>>>>>

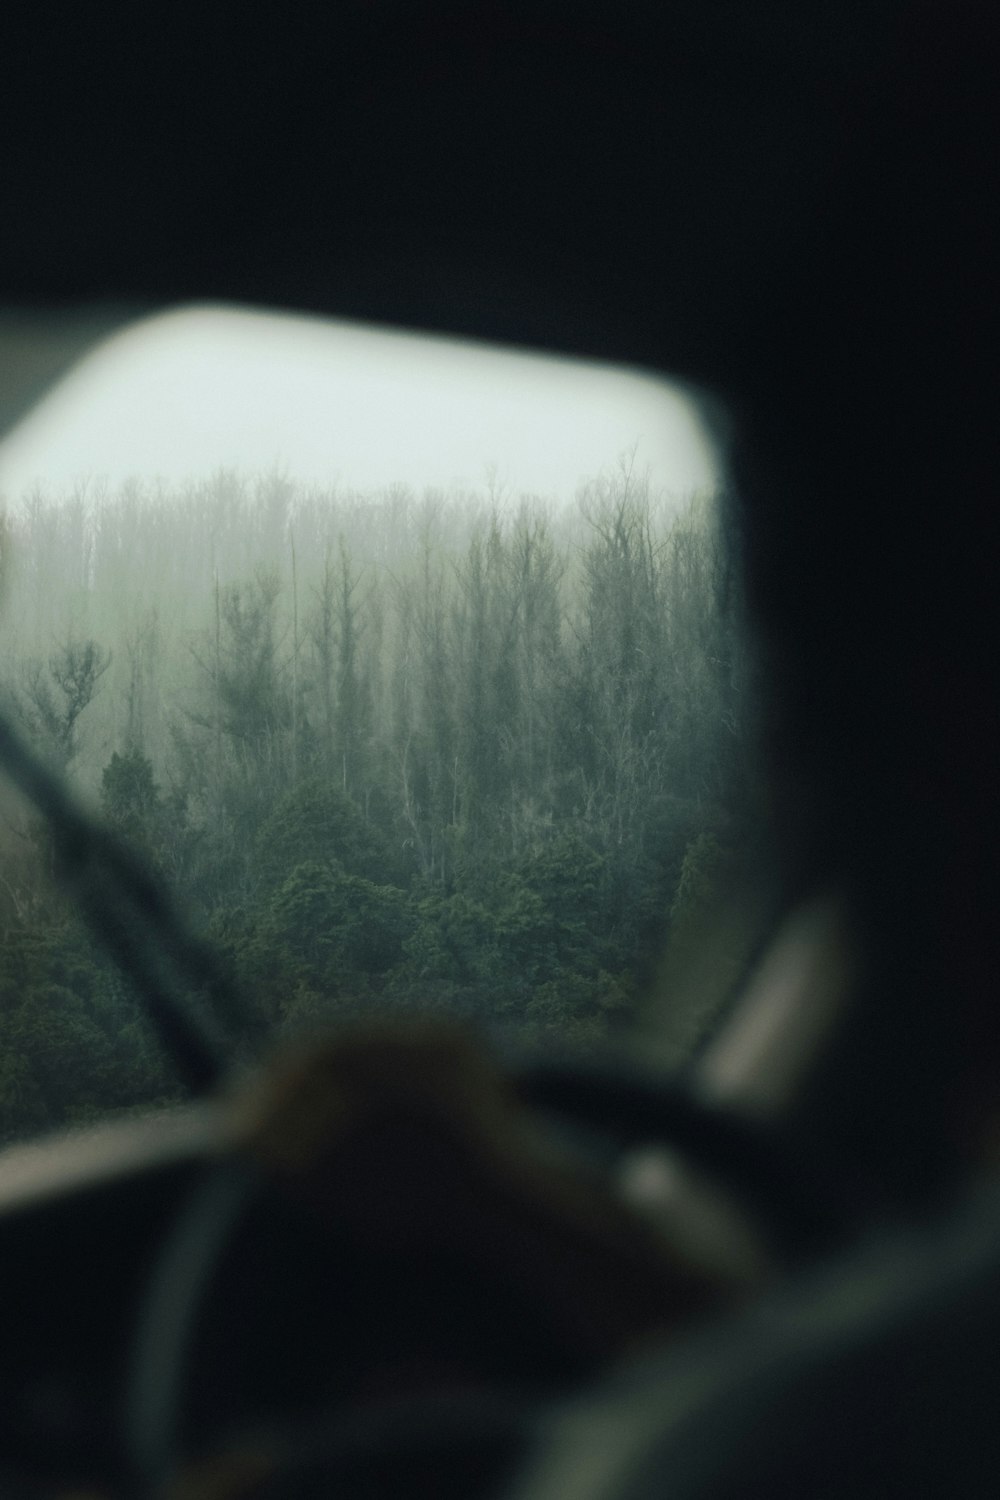 a view of a forest from inside a vehicle
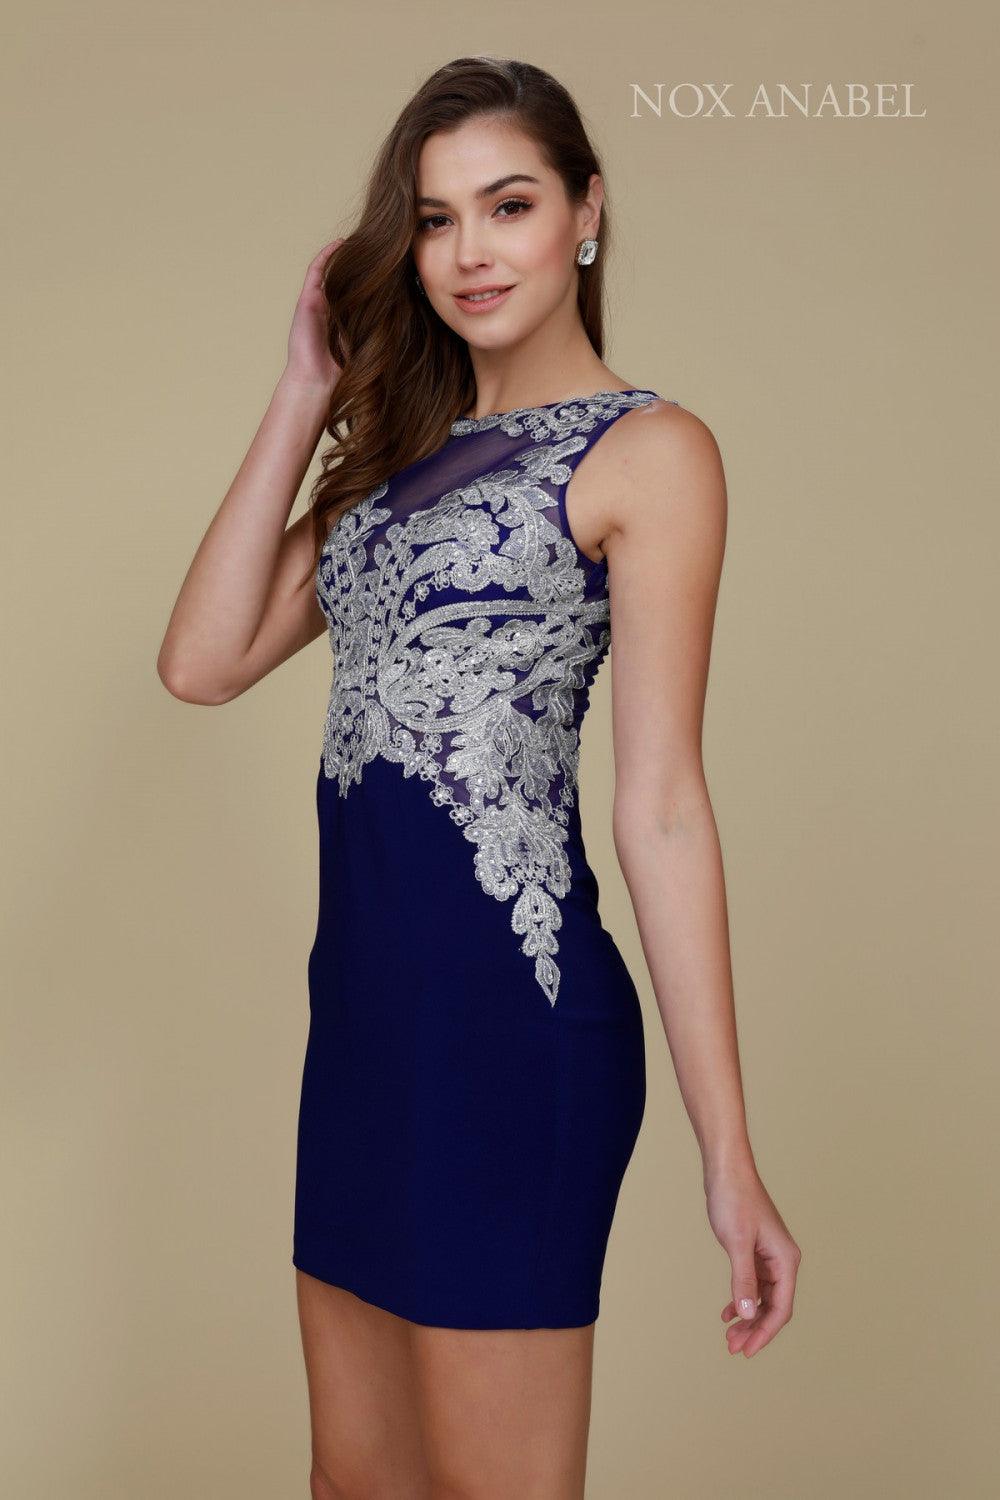 Short Sleeveless Fitted Formal Prom Dress - The Dress Outlet Nox Anabel
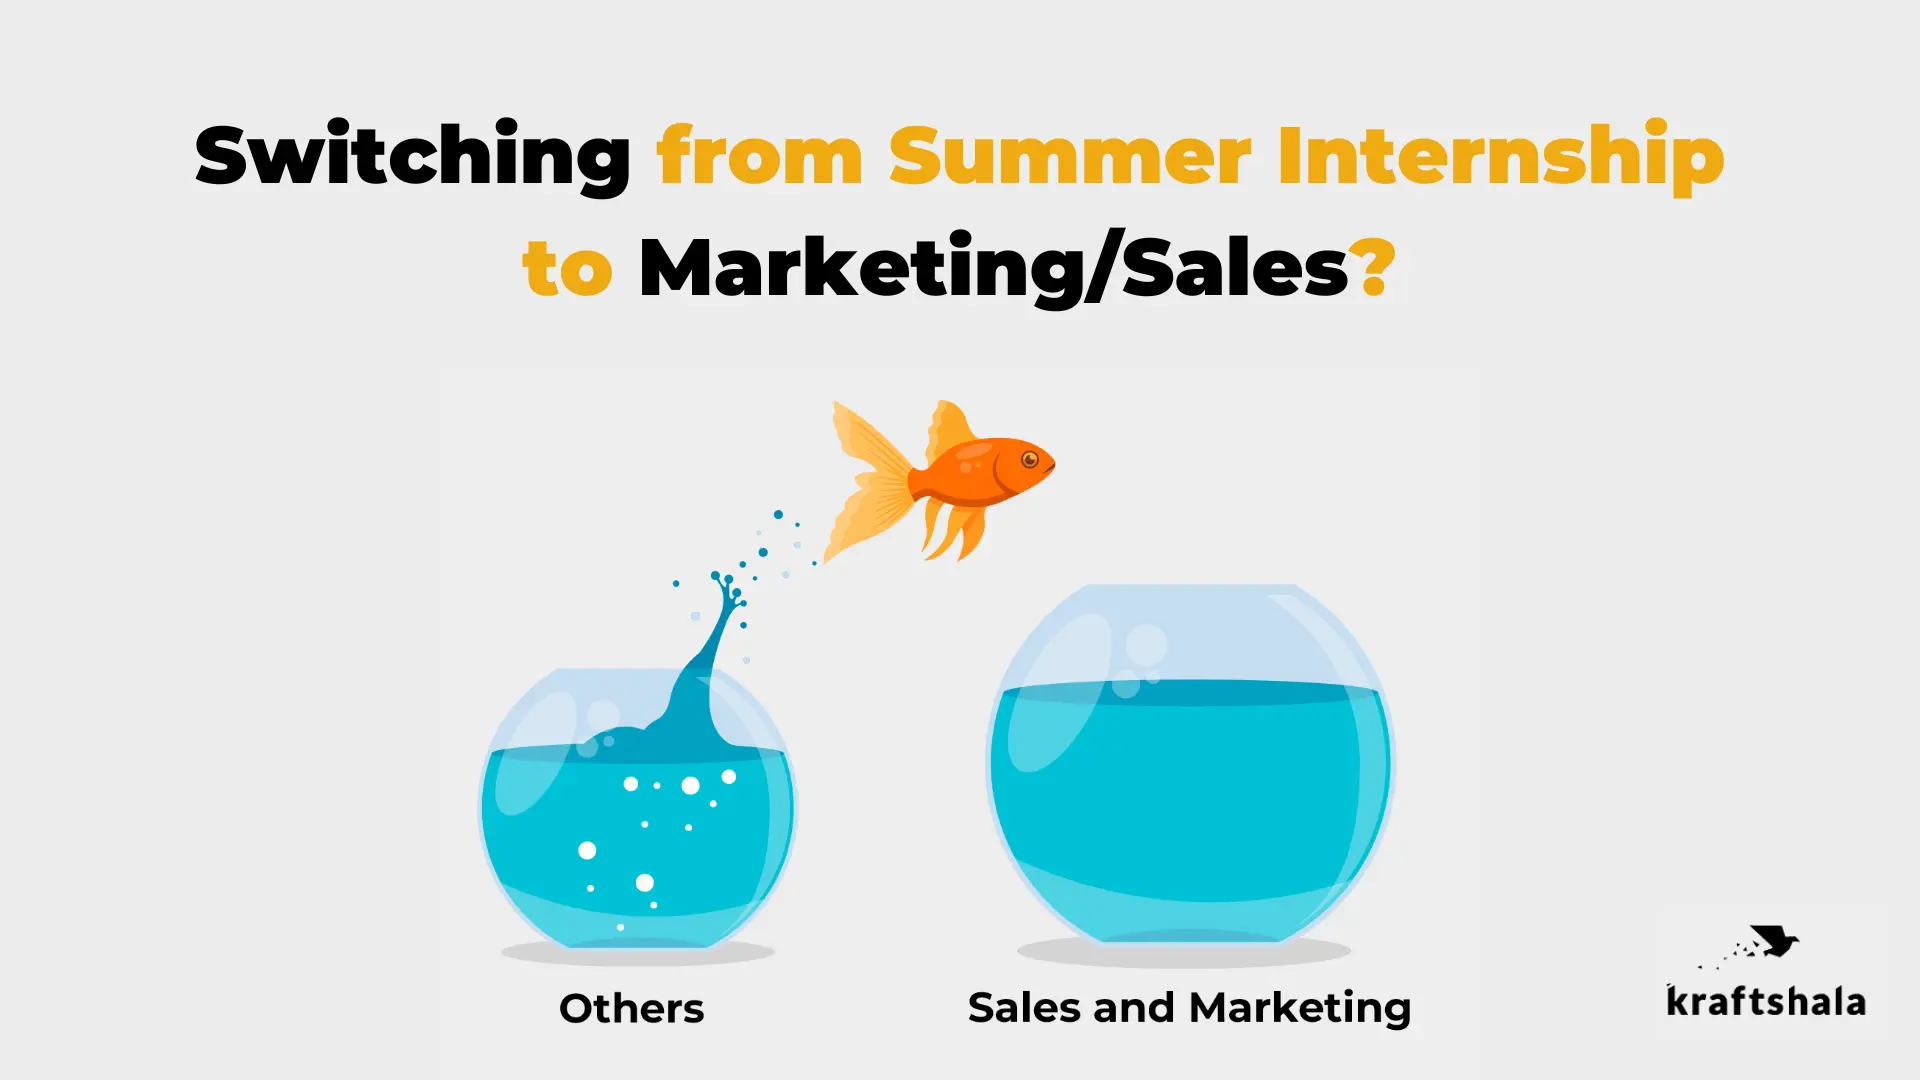 How to Switch to Sales and Marketing After Your Summer Internship?
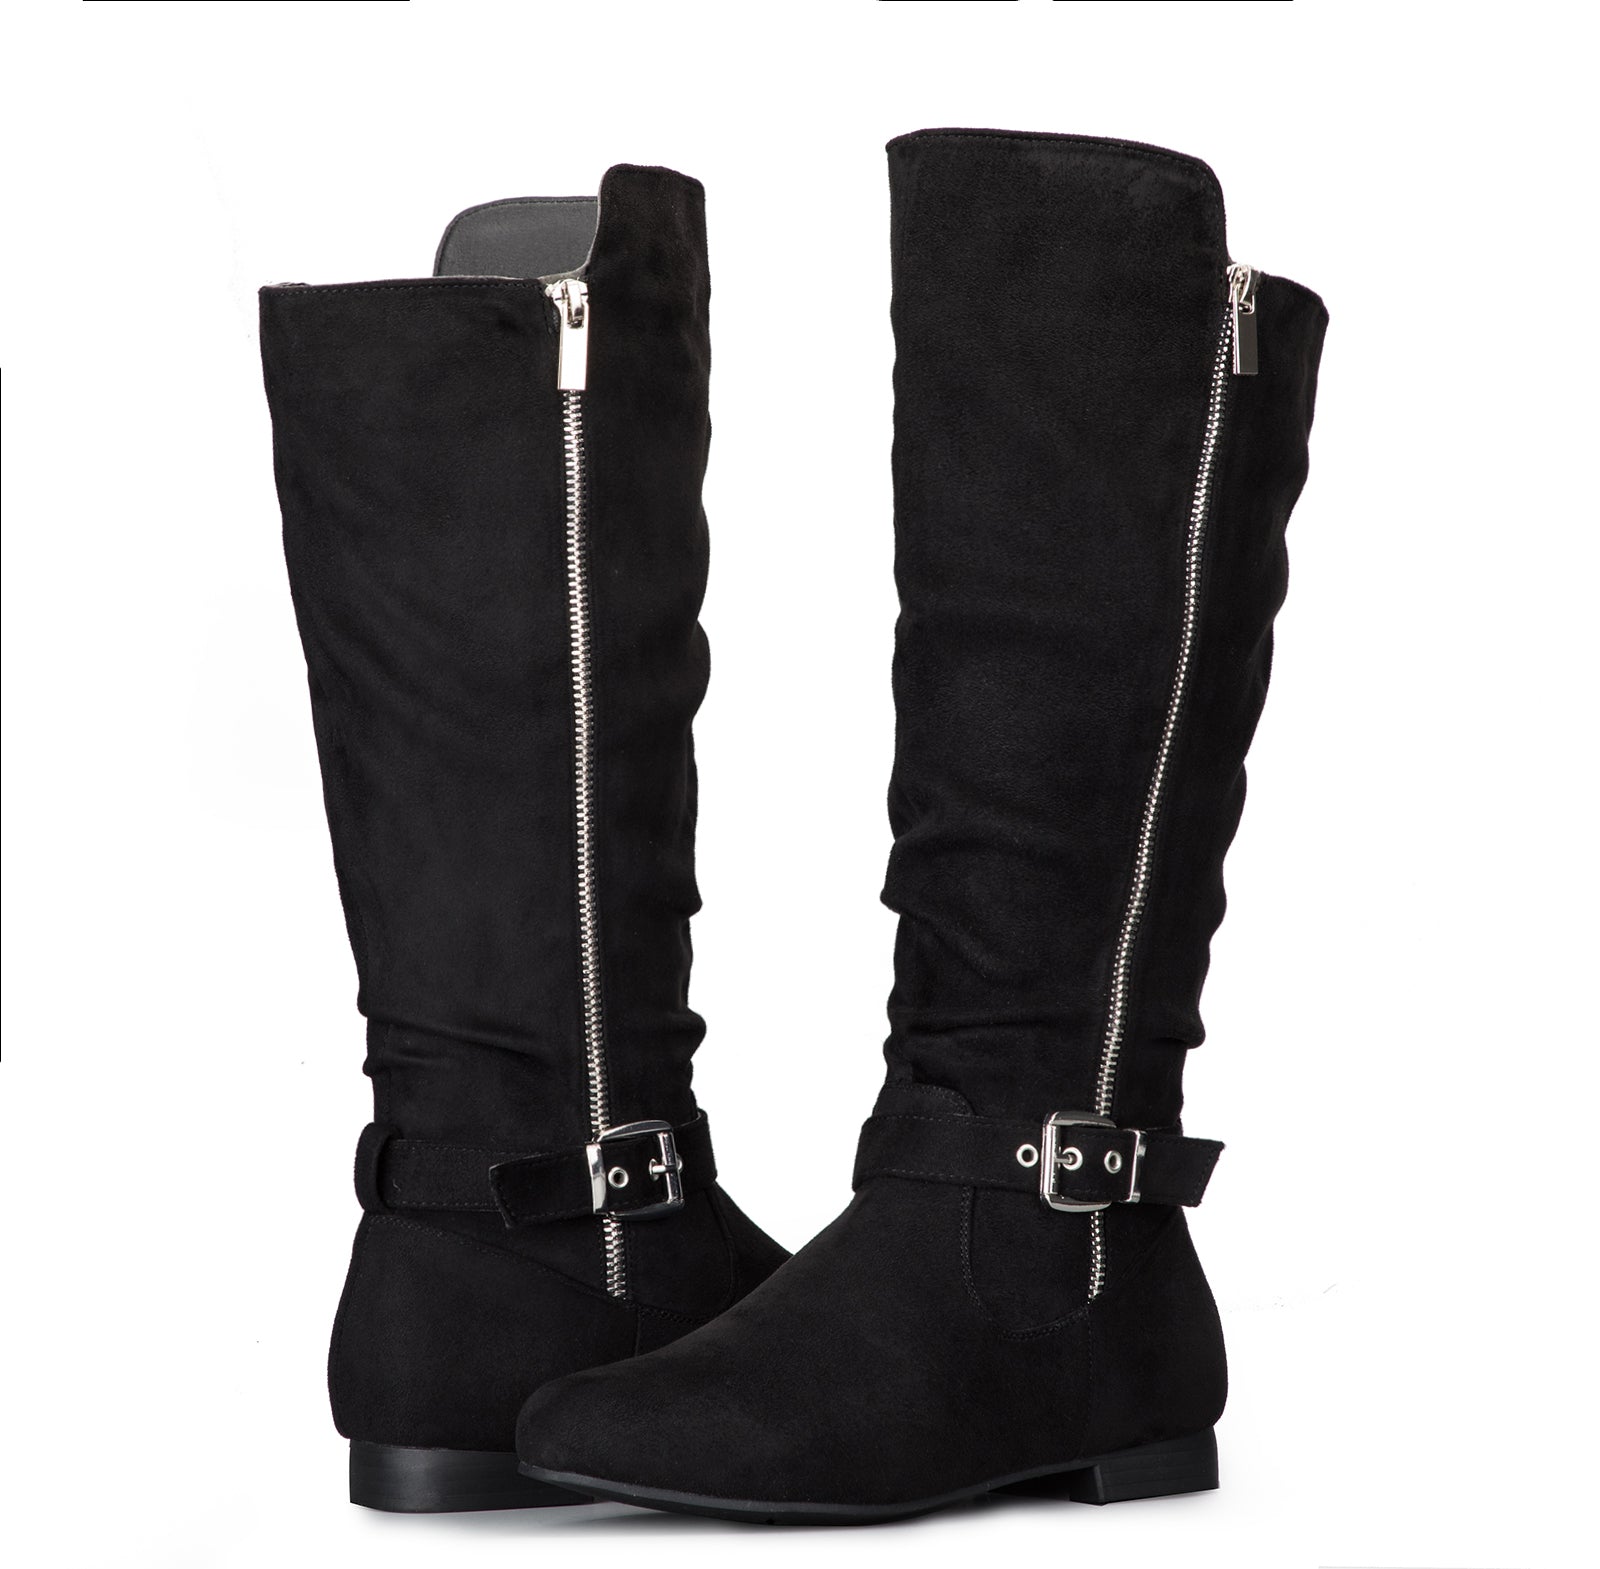 Stacked Knee High Boots with Side Zipper - MYSOFT

<<<<<

■ Exercise instructions
Each line from the one containing "How to Switch" through the last line of the data should be written out exactly. Skip the pictures, and add no other lines.

■ Task result
 How to Switch to Sales and Marketing After Your Summer Internship?
 Stacked Knee High Boots with Side Zipper - MYSOFT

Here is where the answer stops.